Épée remise à un médiéviste, spécialiste de l'histoire de la pensée au Moyen Âge

Épée remise à un médiéviste, spécialiste de l’histoire de la pensée au Moyen Âge

Une effigie de la Justice peut encore avoir dans la senestre une balance, pourvu que l’on ne fasse pas la gaffe de lui donner deux poids et deux mesures ; mais, sous aucun prétexte, elle ne doit tenir un glaive dans la dextre.

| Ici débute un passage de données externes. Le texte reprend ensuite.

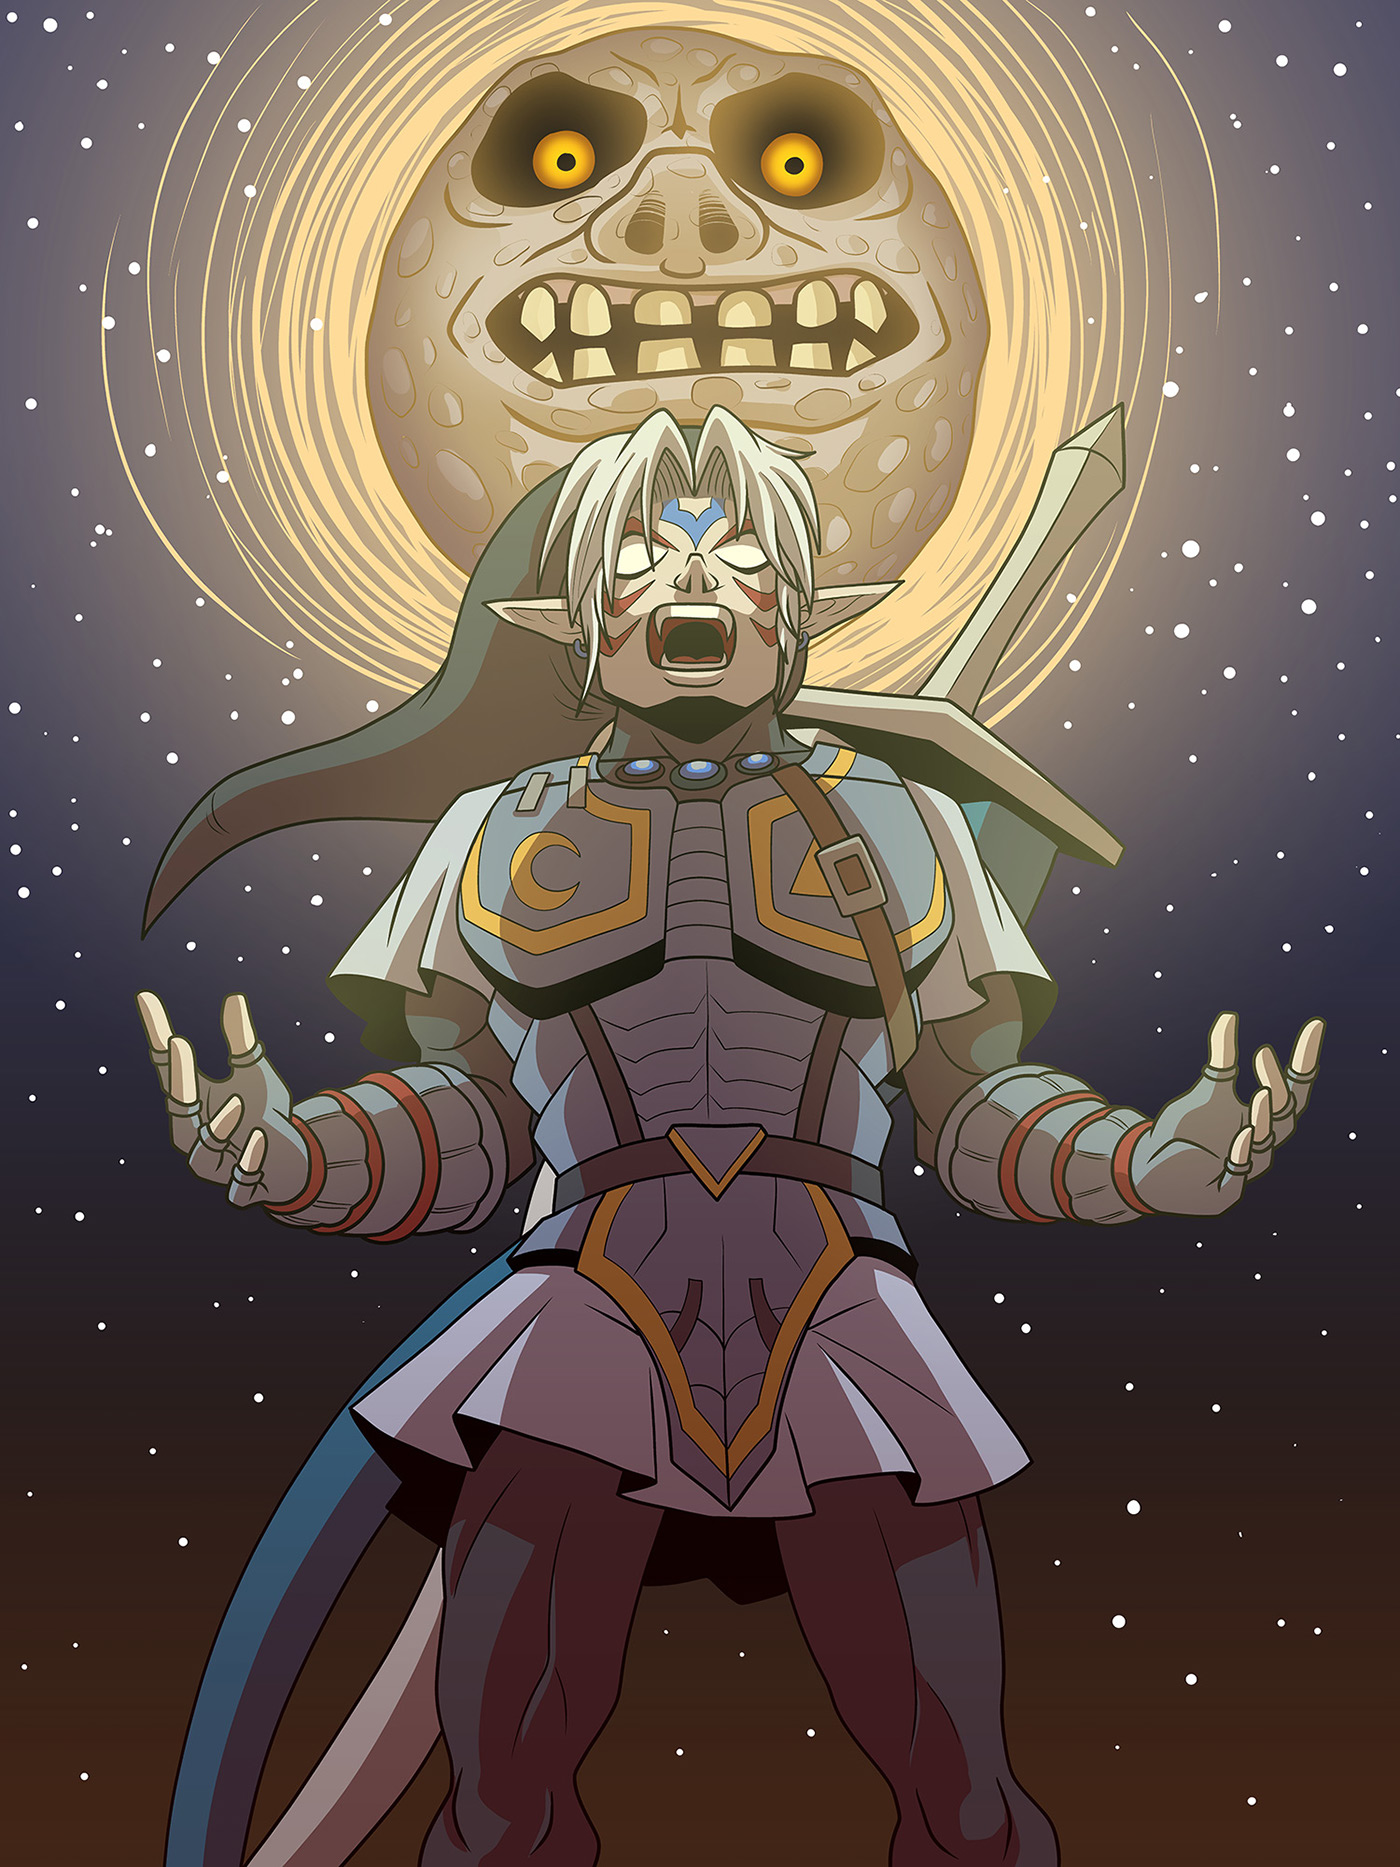 Fierce Deity Link from The Legend of Zelda: Majora's Mask.

Le glaive sera remplacé dorénavant, dans tous les portraits de la Justice déjà placés dans les prétoires de France ou dans tous ceux ultérieurement commandés, soit par un petit bateau symbolisant la commutation de la peine de mort en relégation aux colonies et le petit voyage d’agrément auquel cette commutation donne droit, soit en un petit cottage coquet figurant la mignonne villa dont tout assassin peut, à présent, espérer devenir propriétaire au bout de quelques mois, pour peu qu’il ait l’hypocrisie facile, affirme qu’il ne l’a pas fait exprès, et s’applique dans l’exécution des menus travaux à peine forcés qui lui sont confiés.

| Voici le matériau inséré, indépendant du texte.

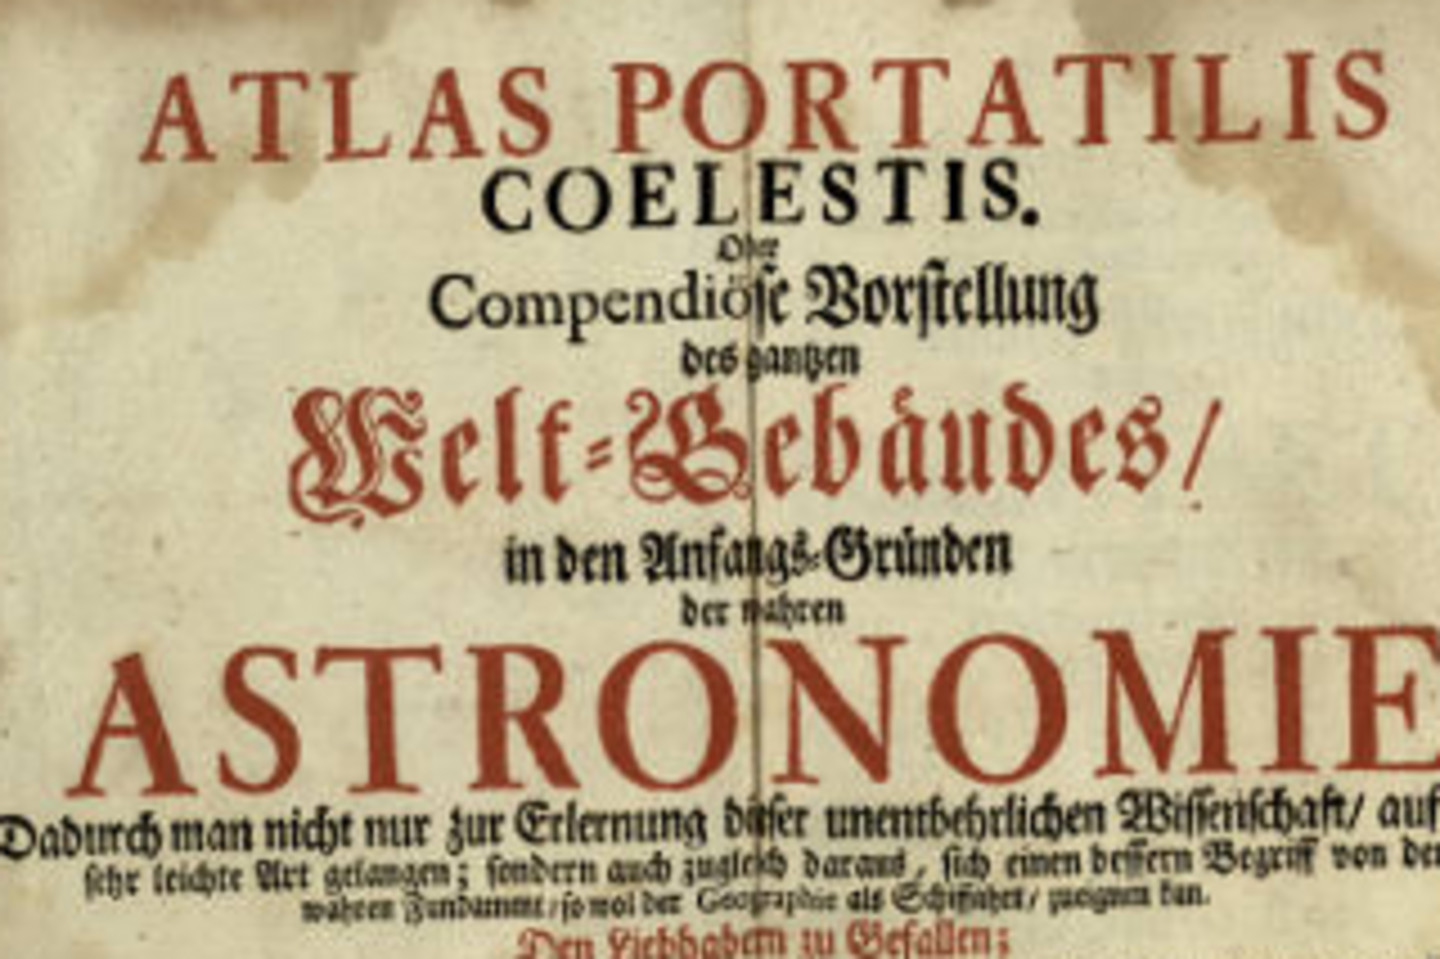 Kompendium zur Astronomie (Mathesis, Astronomia)

Laissons passer le temps, et, un jour, l’attribut symbolique que nos artistes devront mettre dans la main droite de la Justice, ce sera la palme du martyre, destinée aux pauvres criminels, victimes innocentes des mauvais instincts, des passions, des fureurs impulsives, des réflexes destructeurs et des atavismes sanguinaires.